Starting at the line that contains "Thin Face Belt" and stopping at the line that contains "Vends lot de véhicules de secours Playmobil", restate each line of the records below exactly. Omit the pictures.

* **Entries provided**:

────────────────

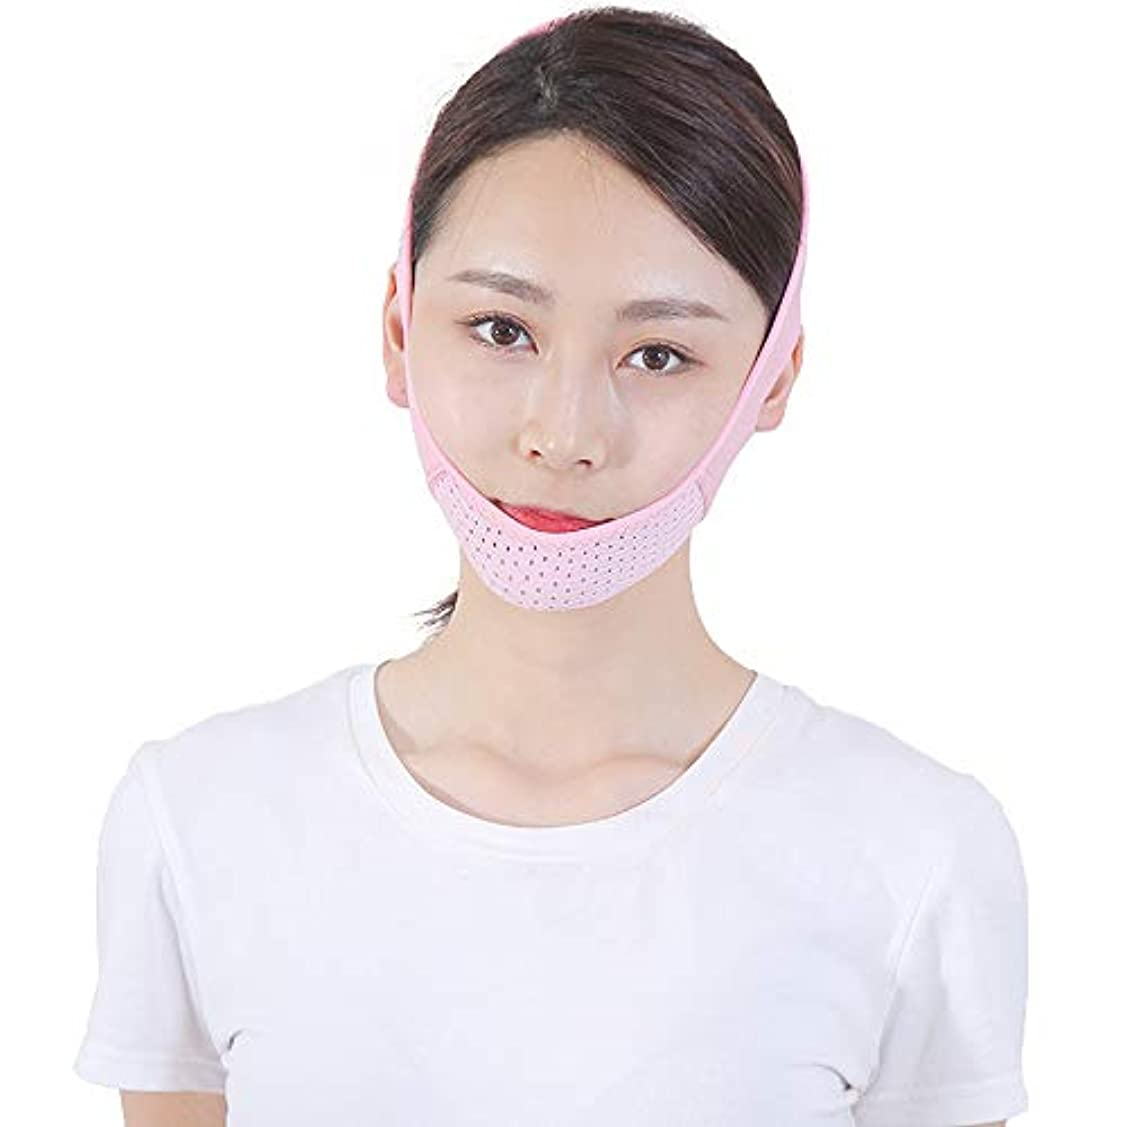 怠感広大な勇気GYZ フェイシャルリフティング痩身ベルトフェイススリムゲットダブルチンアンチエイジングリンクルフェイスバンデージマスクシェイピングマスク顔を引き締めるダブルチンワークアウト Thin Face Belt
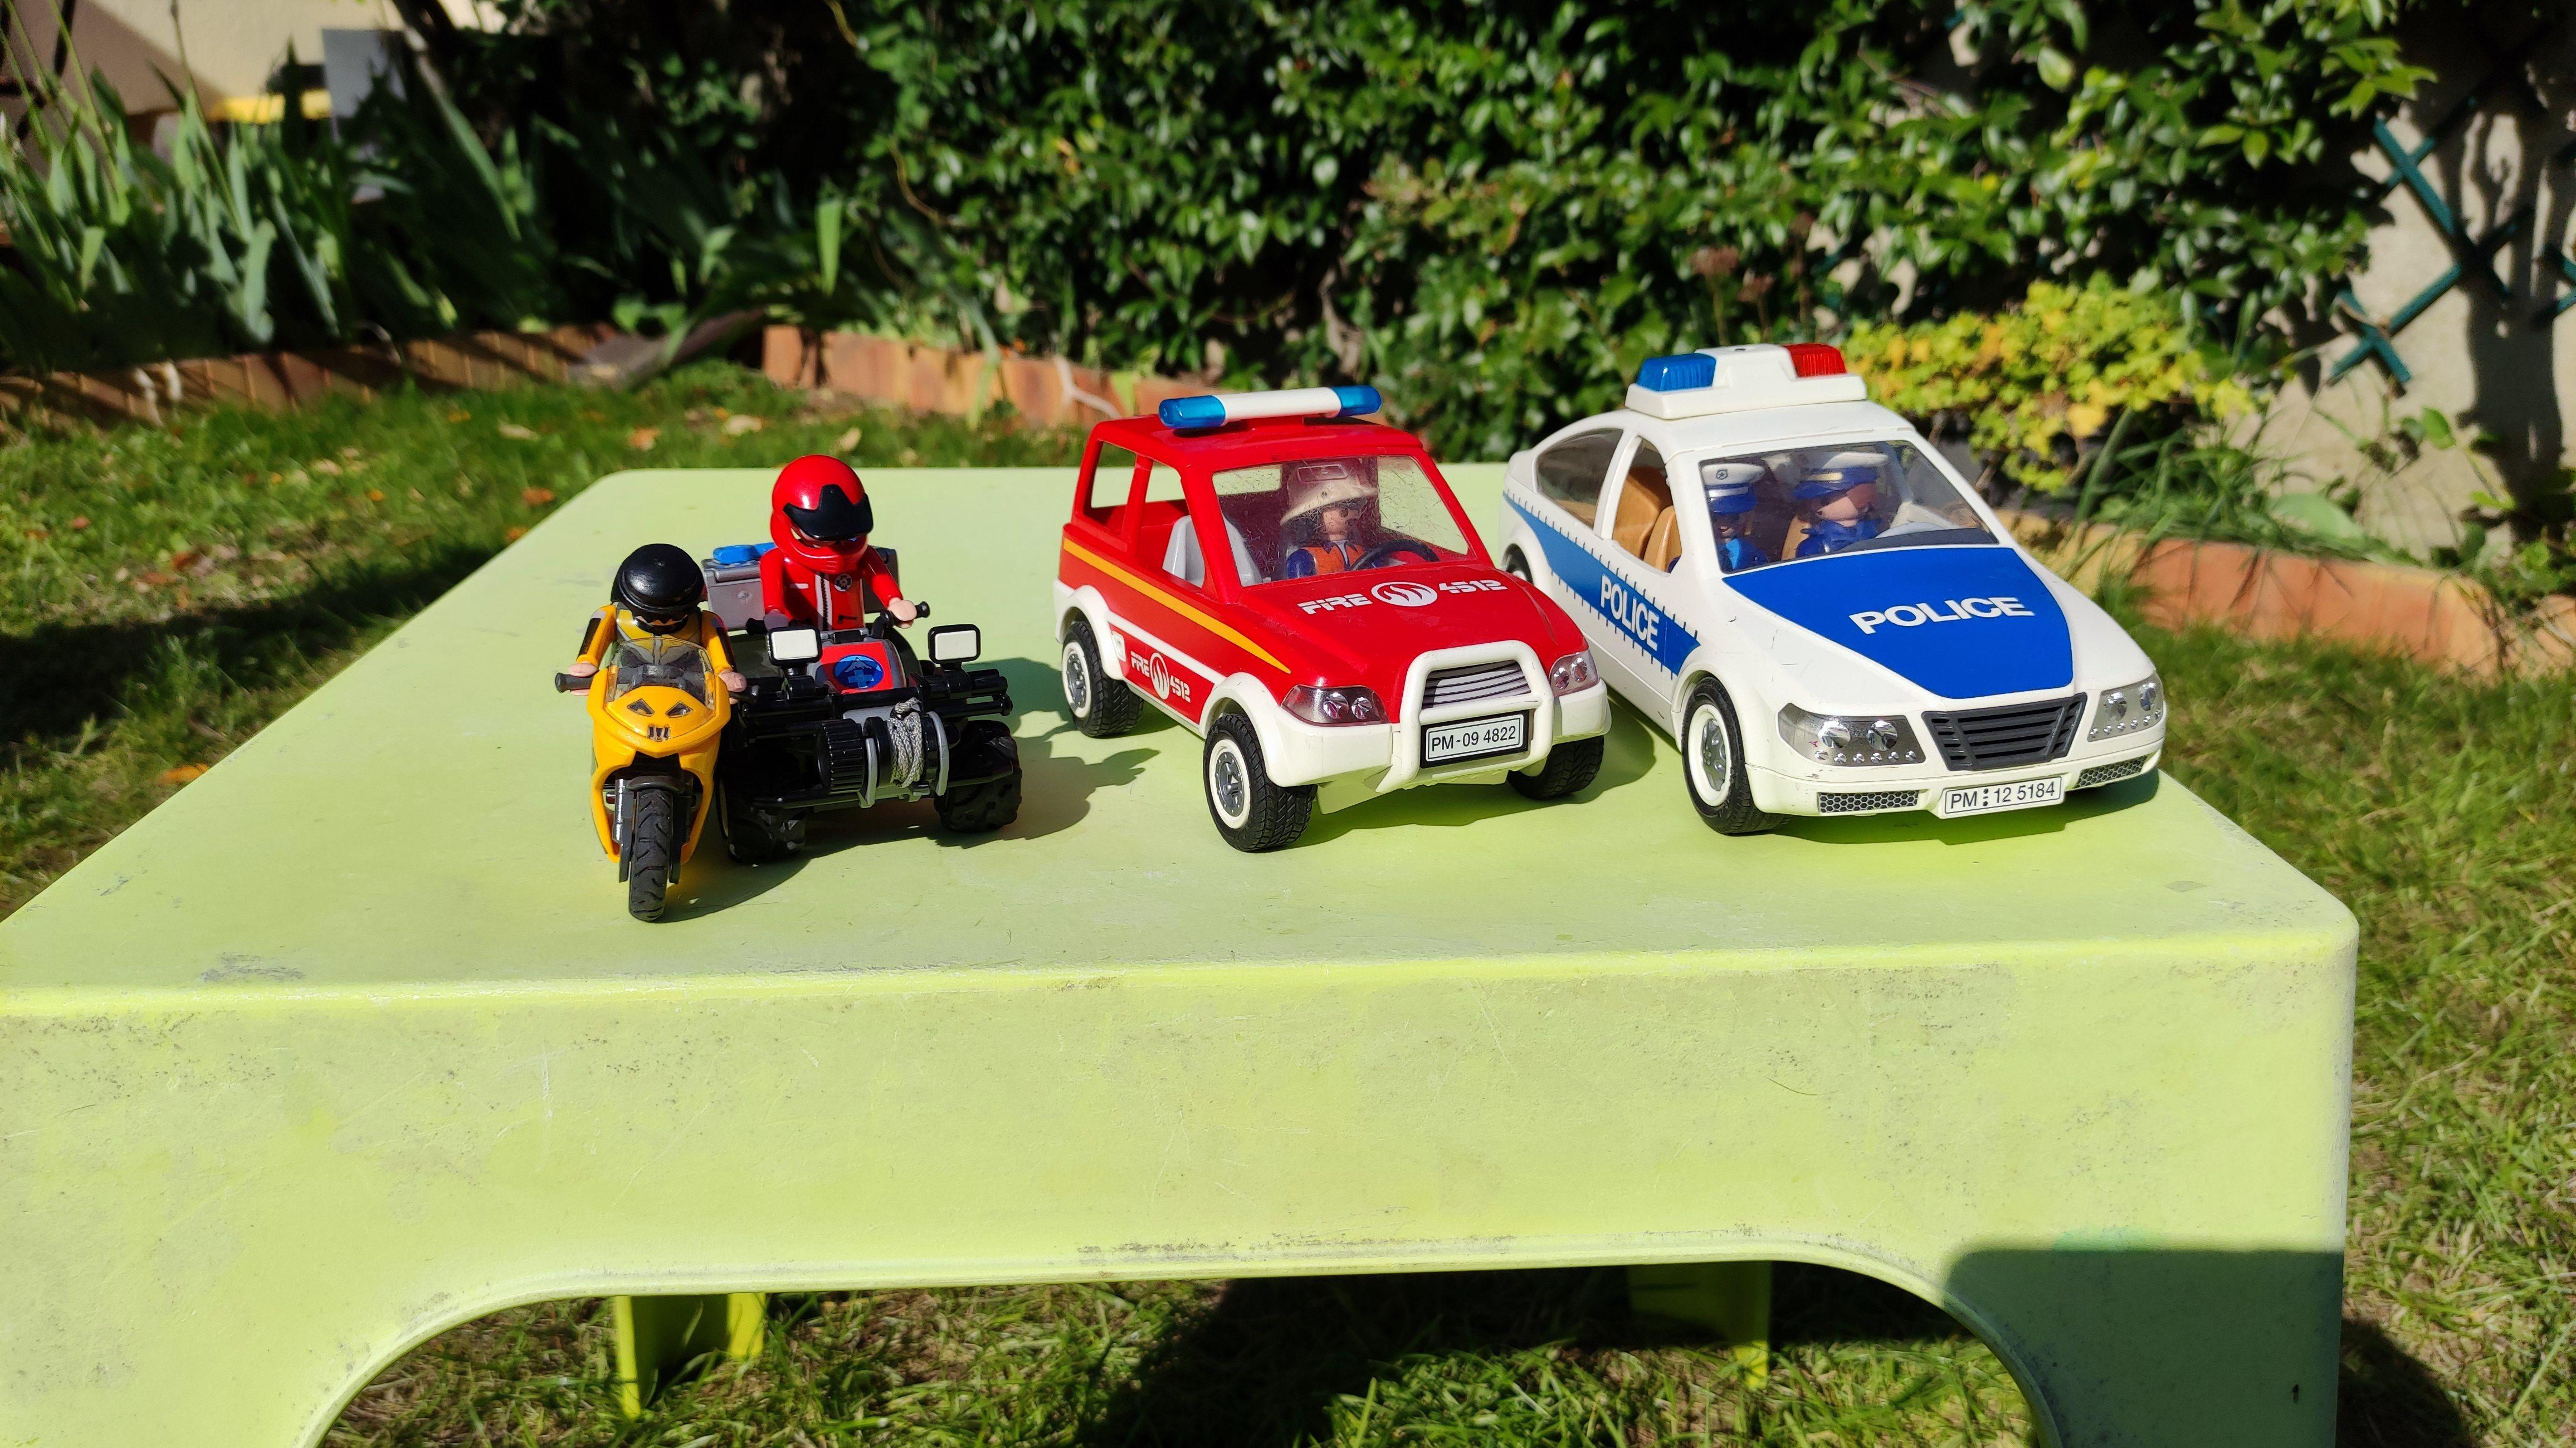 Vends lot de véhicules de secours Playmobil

────────────────

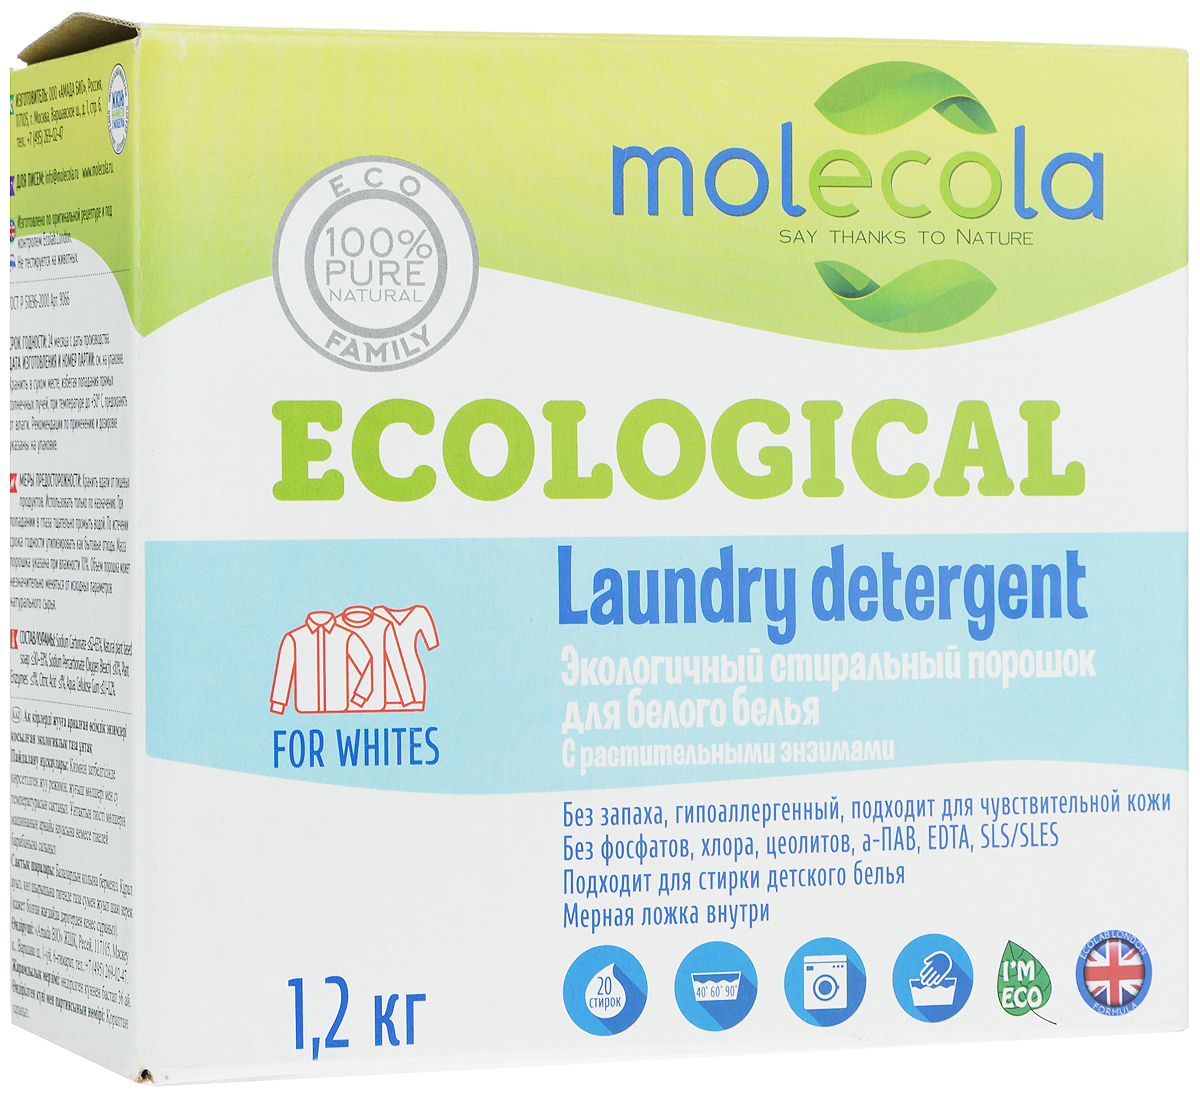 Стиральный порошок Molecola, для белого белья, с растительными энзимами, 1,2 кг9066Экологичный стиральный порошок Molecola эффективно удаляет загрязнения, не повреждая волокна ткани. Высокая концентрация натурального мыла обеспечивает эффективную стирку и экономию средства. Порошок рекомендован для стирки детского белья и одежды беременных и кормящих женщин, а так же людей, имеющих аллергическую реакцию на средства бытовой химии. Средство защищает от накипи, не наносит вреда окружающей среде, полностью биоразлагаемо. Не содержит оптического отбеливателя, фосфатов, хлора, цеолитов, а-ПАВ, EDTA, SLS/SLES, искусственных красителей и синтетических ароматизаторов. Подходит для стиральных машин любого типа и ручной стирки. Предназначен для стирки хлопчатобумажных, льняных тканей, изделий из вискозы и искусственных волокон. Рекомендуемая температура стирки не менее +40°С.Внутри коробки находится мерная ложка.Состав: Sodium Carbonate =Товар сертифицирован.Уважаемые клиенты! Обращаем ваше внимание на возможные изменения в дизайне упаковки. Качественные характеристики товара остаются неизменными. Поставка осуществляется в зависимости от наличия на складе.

────────────────

* **Reply to the task**:
 怠感広大な勇気GYZ フェイシャルリフティング痩身ベルトフェイススリムゲットダブルチンアンチエイジングリンクルフェイスバンデージマスクシェイピングマスク顔を引き締めるダブルチンワークアウト Thin Face Belt
 Vends lot de véhicules de secours Playmobil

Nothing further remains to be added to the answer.